Task goal: From the material below, copy exactly the lines beginning with the one that contains "Stenen - Muur van oude bakstenen 15" and ending with the one that contains "Papel de Parede"; the pictures stay out.

Recorded data:

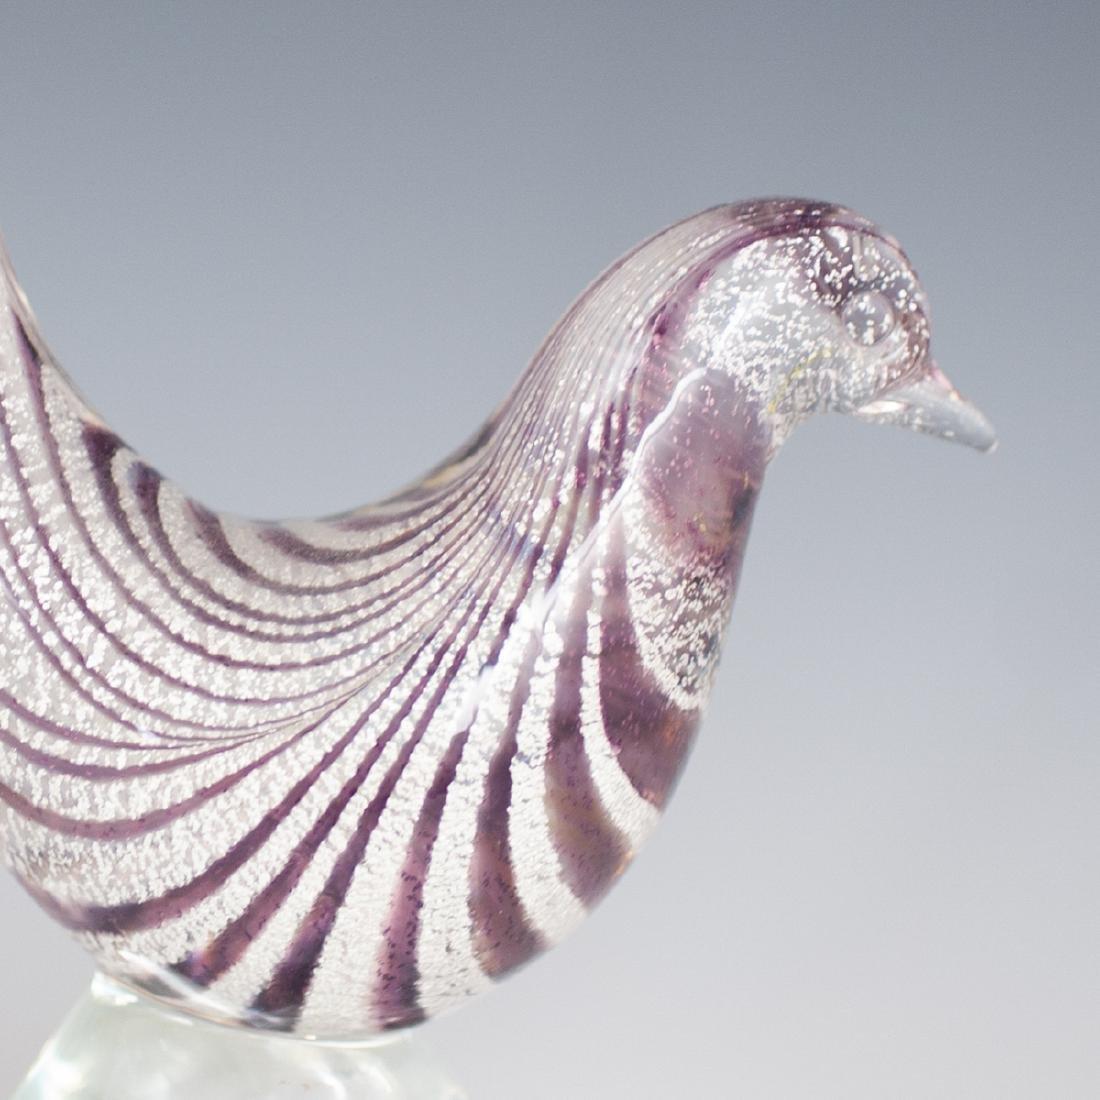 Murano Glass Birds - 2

--

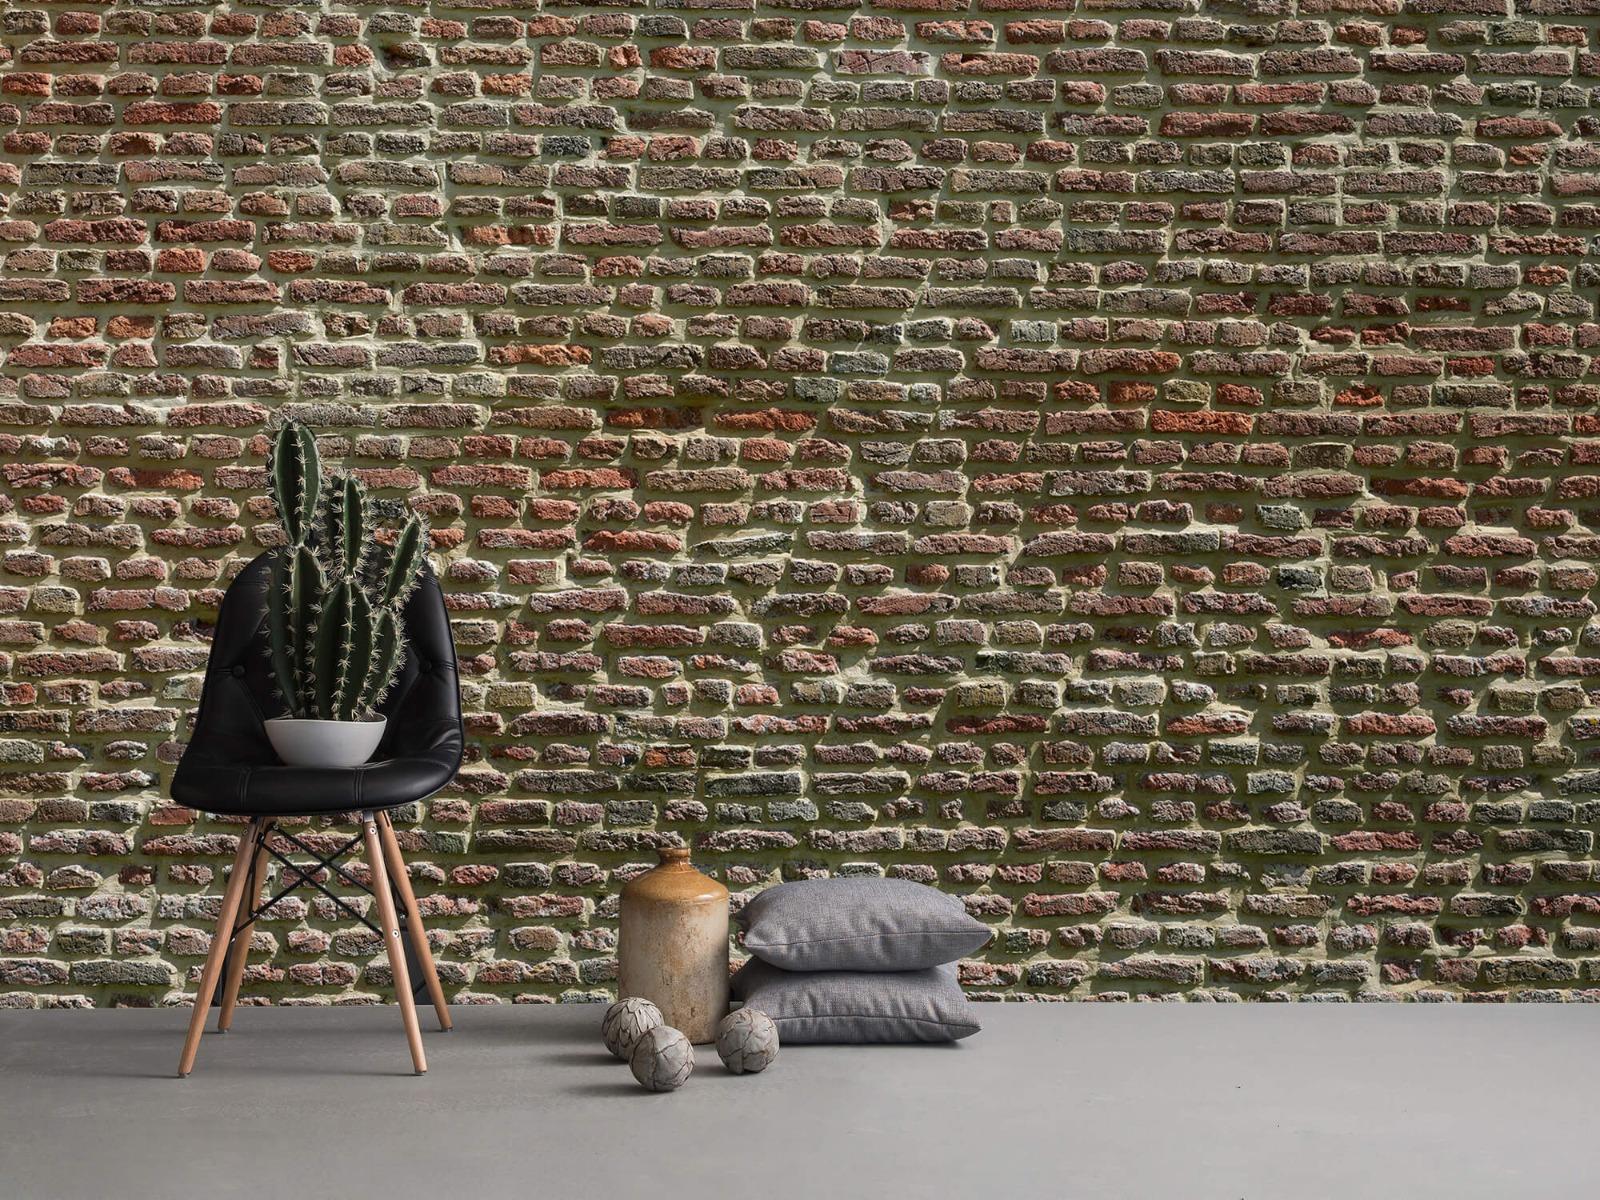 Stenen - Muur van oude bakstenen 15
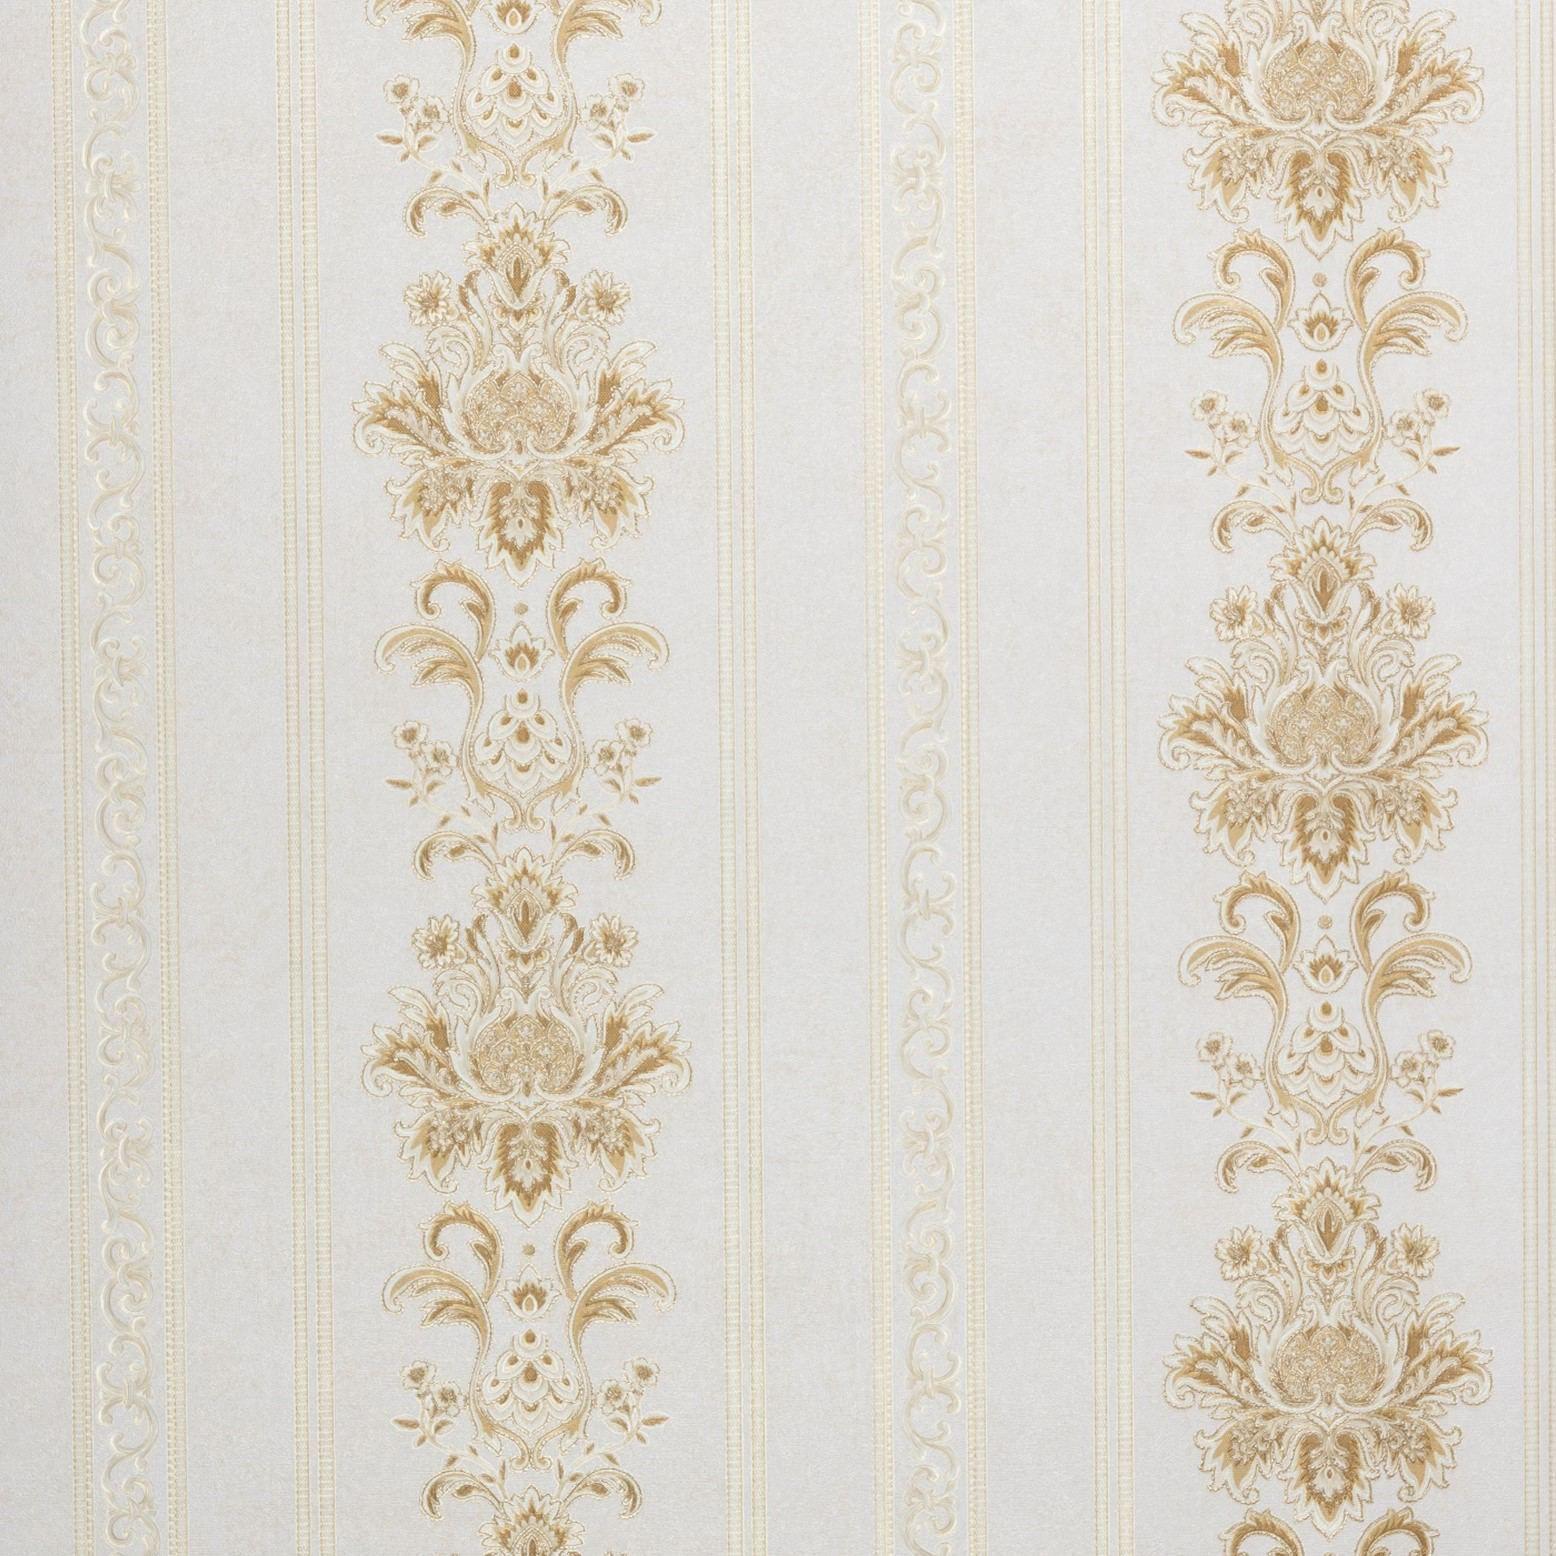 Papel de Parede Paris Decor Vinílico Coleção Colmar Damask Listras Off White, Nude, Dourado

Reply:
 Stenen - Muur van oude bakstenen 15
 Papel de Parede Paris Decor Vinílico Coleção Colmar Damask Listras Off White, Nude, Dourado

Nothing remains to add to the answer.